For Subset 2, subjects with handheld spirometry performed >1 day and <14 days prior to the laboratory spirometry, the Pearson and Spearman correlations for FEV1 and FEV6 were similar to those of Subset 1 at day 80 and 1 year (Figure S2). The degree of agreement for FEV1 was less at day 80 compared with Subset 1, but similar at 1 year. Agreement of handheld FEV6 to laboratory FVC was similar to Subset 1. The limits of agreement for Subset 2 were consistently wider than limits of agreement for Subset 1 for all parameters analyzed (Table 2).

Pediatric subjects were divided into a younger (ages 6-13, n=18) and older subset (ages 14-19, n=25).
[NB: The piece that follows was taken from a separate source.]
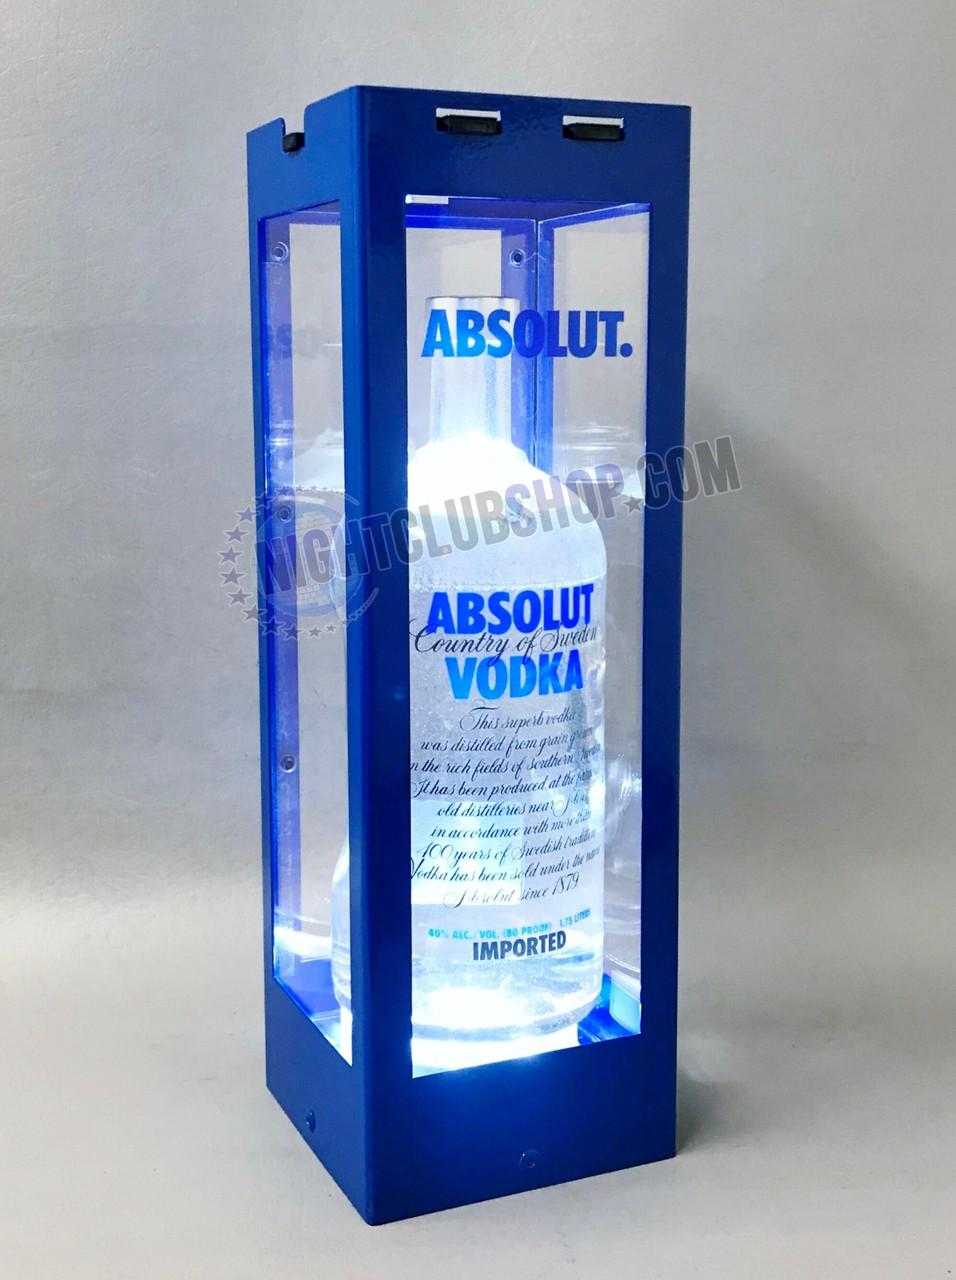 Bottle lock, cage lock, Window  display, bottle service, VIP, LED, state law 1,2,3, nightclub, bar, casino, Spirts, Patrons,

The number of subjects with spirometry available for analysis at baseline and 1 year was small and correlation for all parameters at these time points was low. At day 80, correlation of FEV1 was r=0.969 (p<.0001) in the younger cohort and 0.882 (p<0.0001) in the older cohort; FEV6 was 0.985 (p<.0001) and 0.792 (p=.0003), respectively (Table S1). Analysis of agreement was not performed due to the low number of subjects.

DISCUSSION

In this large prospective cohort of allogeneic HCT recipients, spirometric parameters from an inexpensive and commercially available portable handheld spirometer correlated well with standard laboratory spirometry with a high degree of agreement for FEV1. These results suggest that frequent monitoring of lung function with a handheld spirometer may be a feasible alternative to laboratory-based testing for detecting clinically significant airflow decline after allogeneic HCT.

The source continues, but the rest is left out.